WHAT TO DO. Give all the lines below again, exactly, with no pictures.

DATA.
== Segment start ==
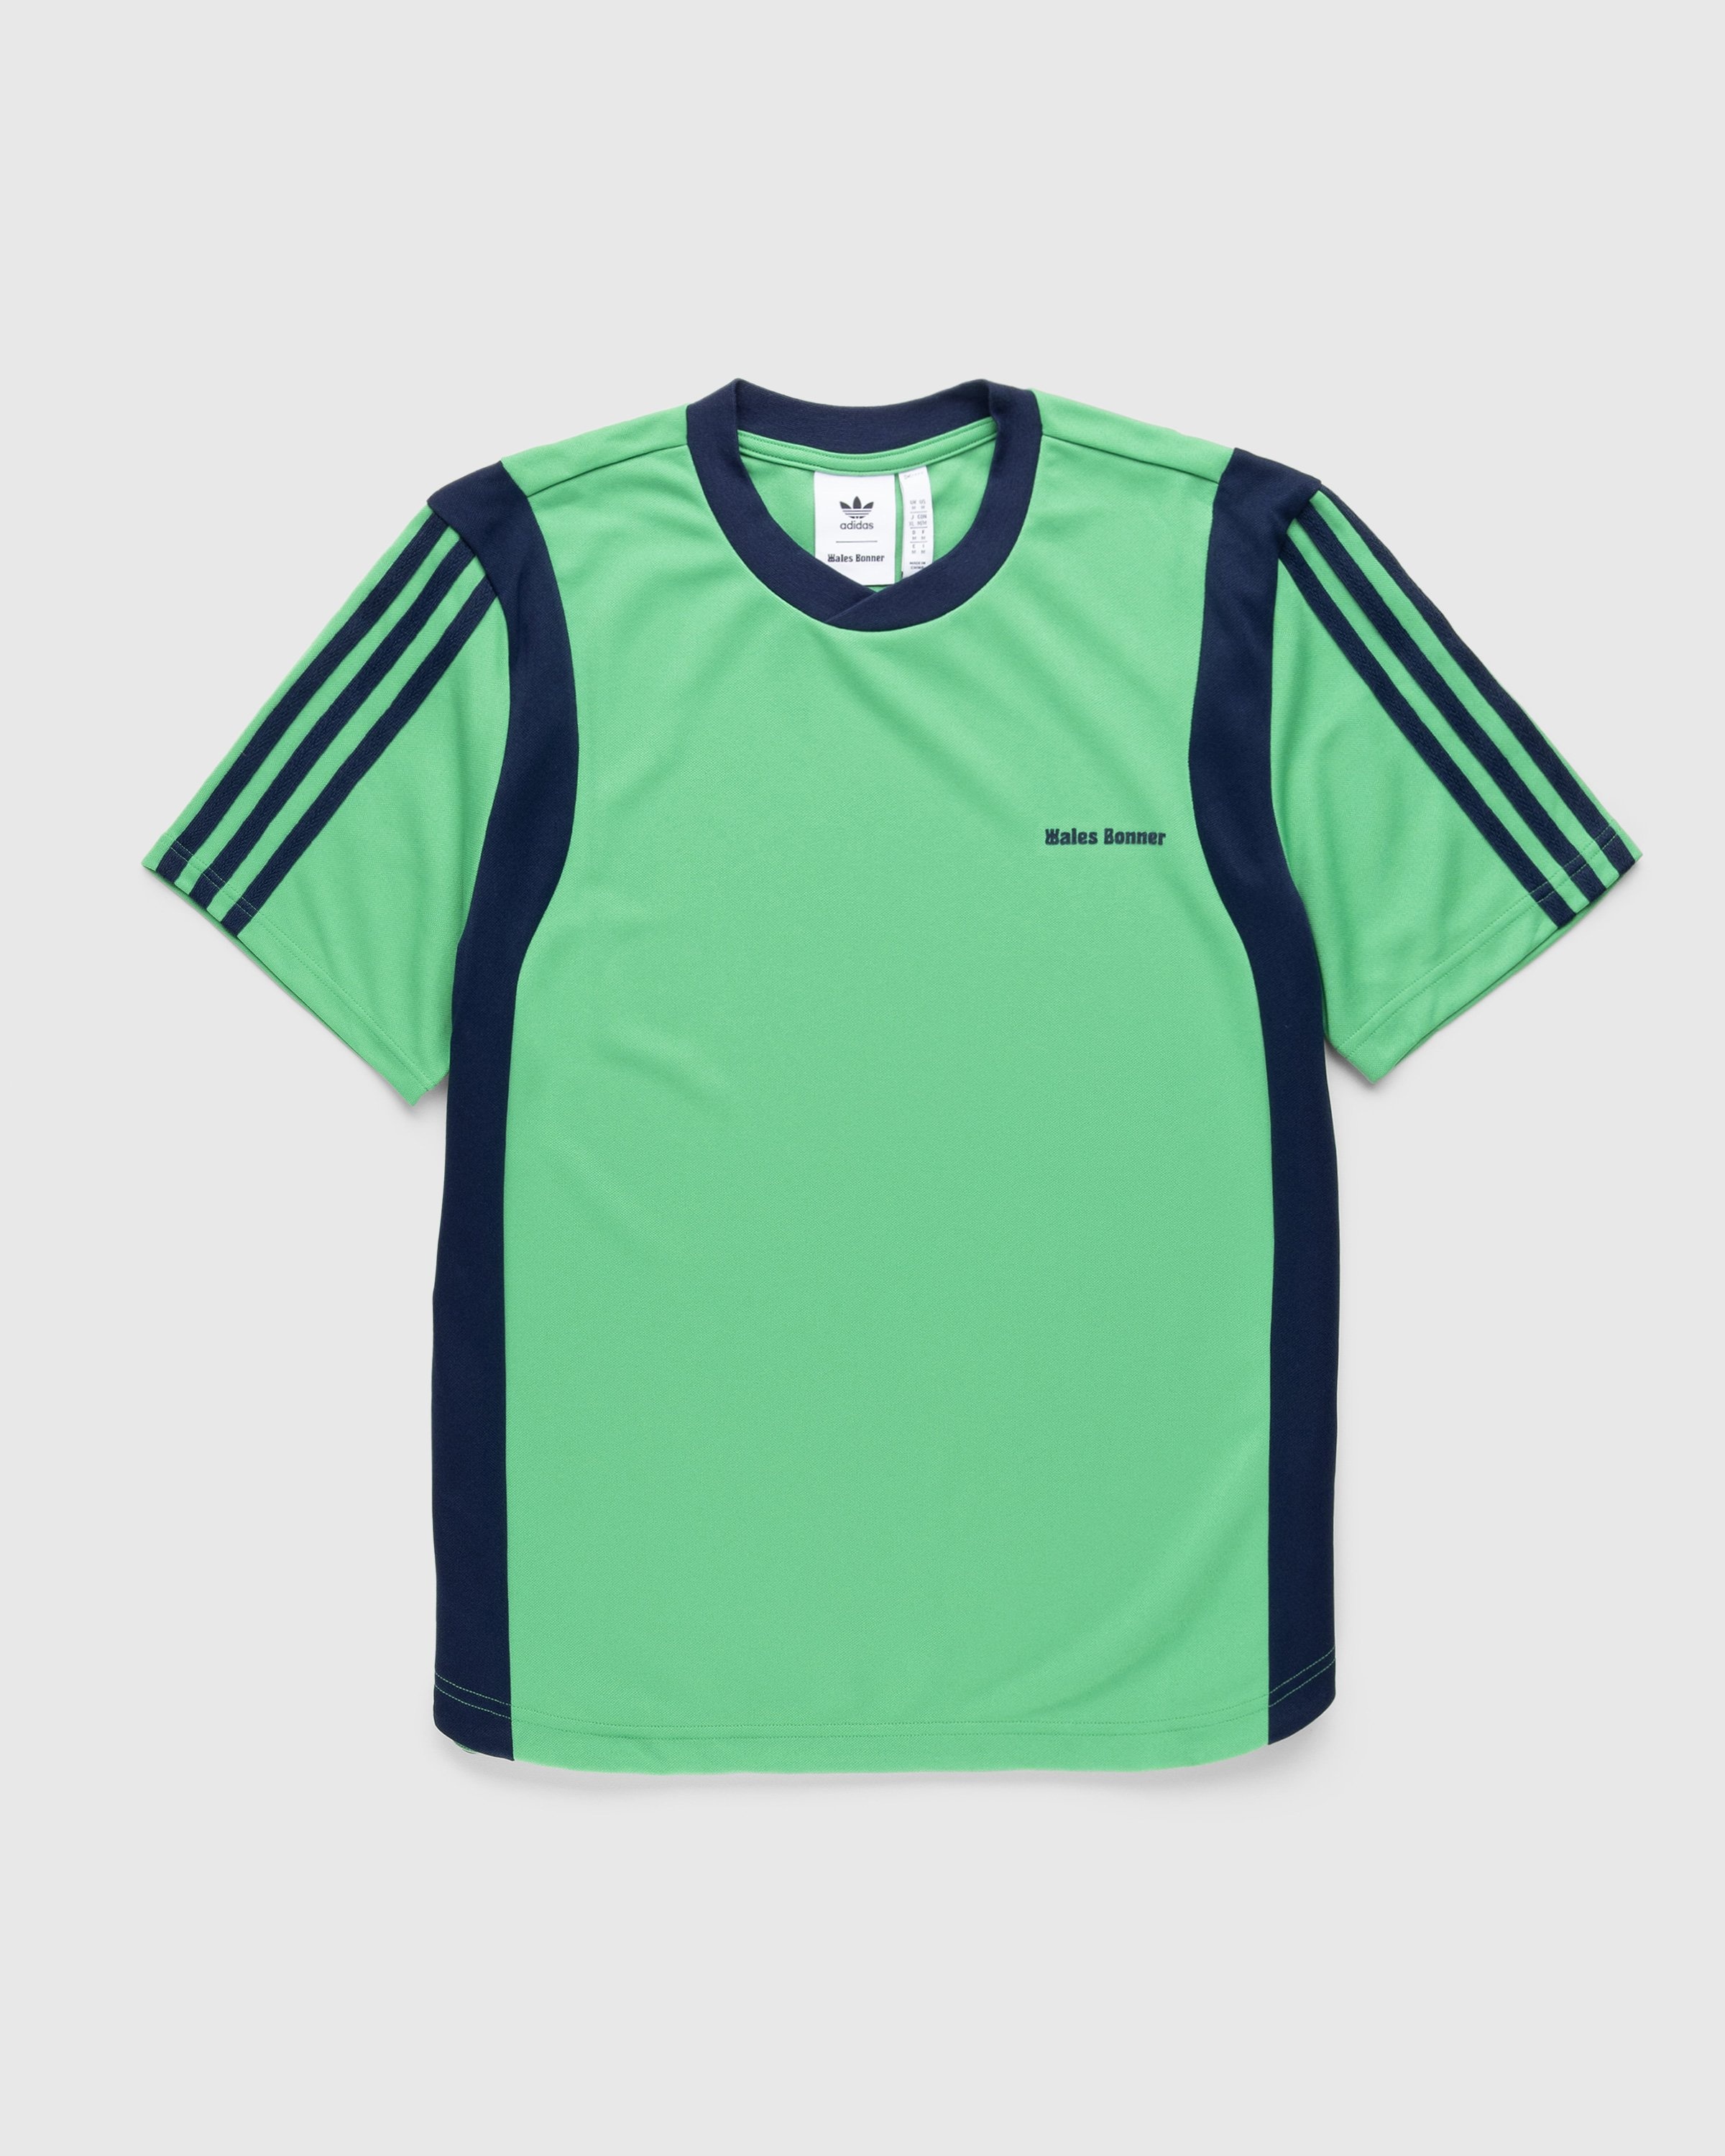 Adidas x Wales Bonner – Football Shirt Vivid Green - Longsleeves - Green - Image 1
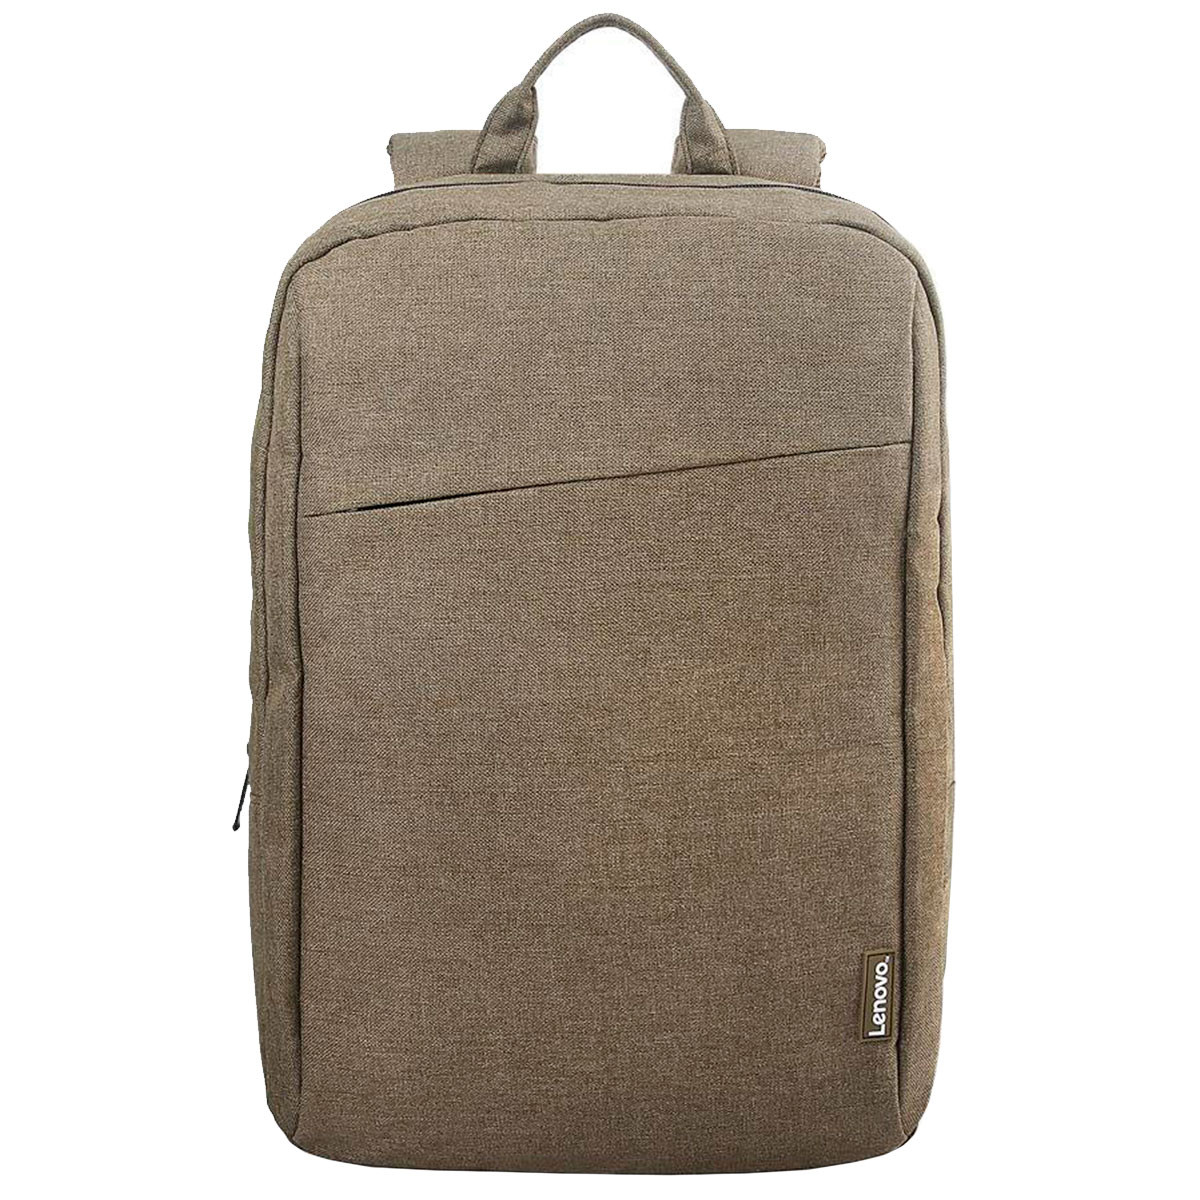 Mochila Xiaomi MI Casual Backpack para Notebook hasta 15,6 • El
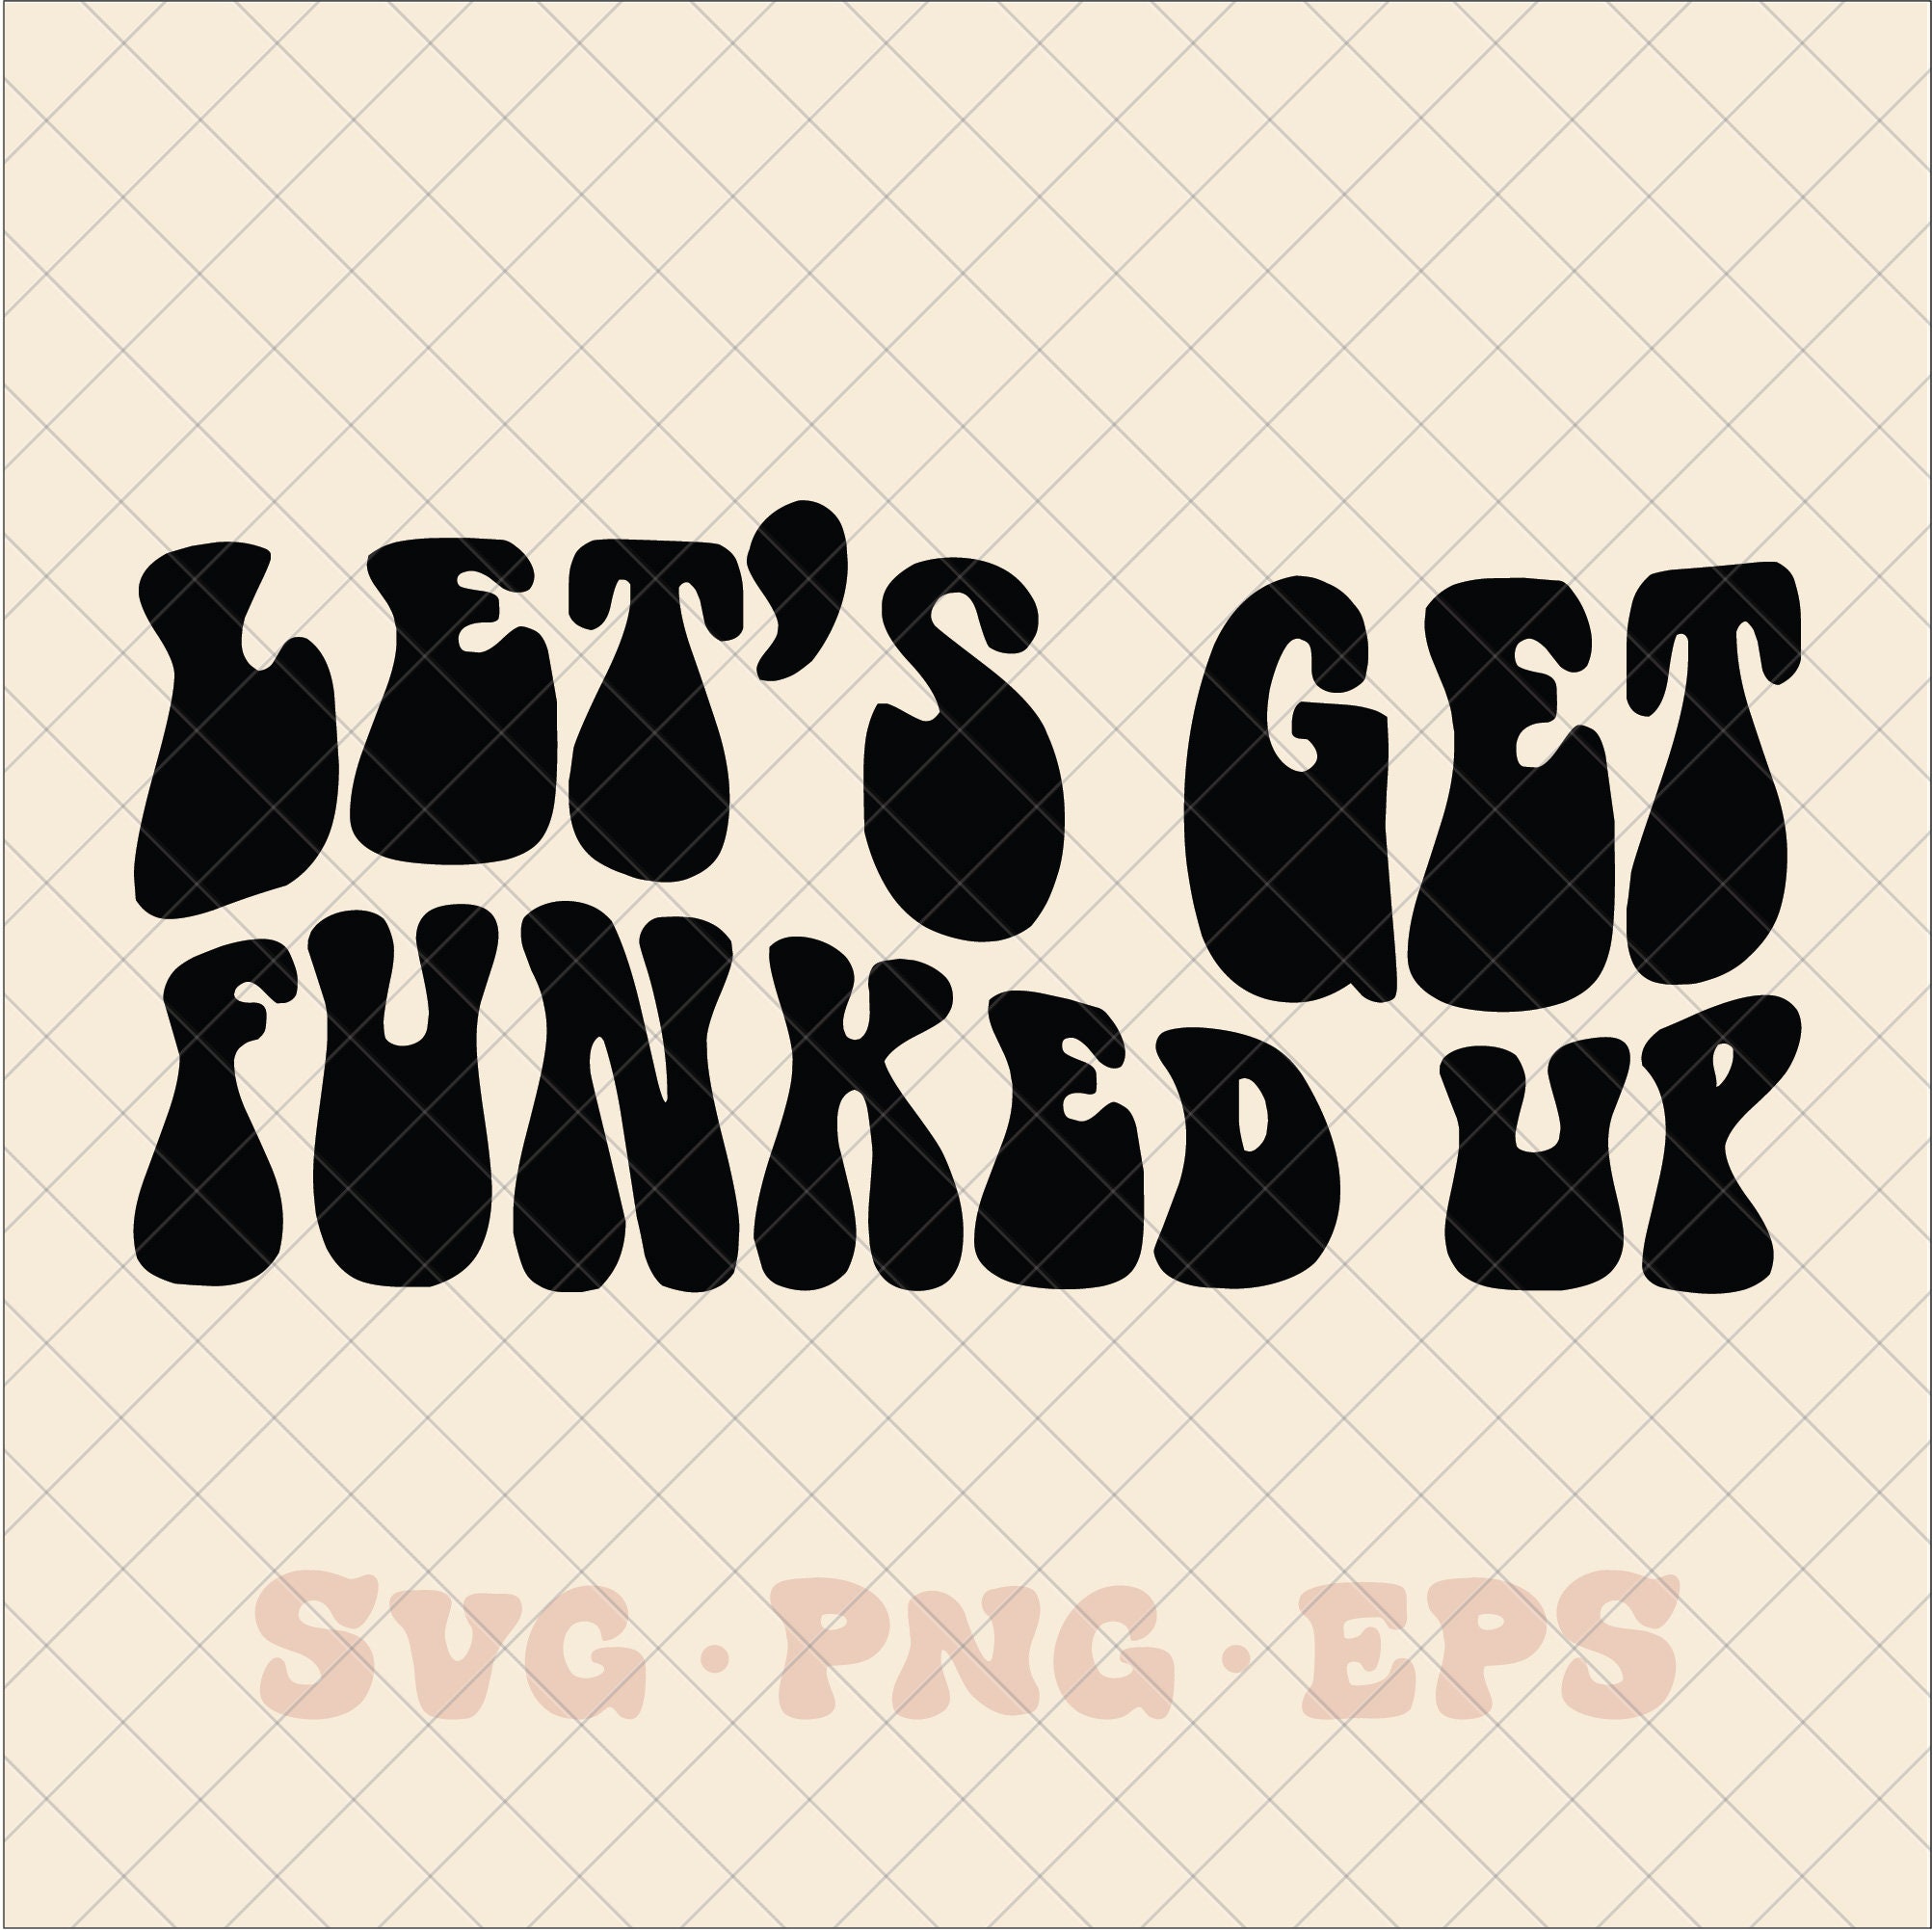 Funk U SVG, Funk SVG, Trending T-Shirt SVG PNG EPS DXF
== Segment end ==
RESPONSE FOR THIS EXERCISE.
 Adidas x Wales Bonner – Football Shirt Vivid Green - Longsleeves - Green - Image 1
 Mochila Xiaomi MI Casual Backpack para Notebook hasta 15,6 • El
 Funk U SVG, Funk SVG, Trending T-Shirt SVG PNG EPS DXF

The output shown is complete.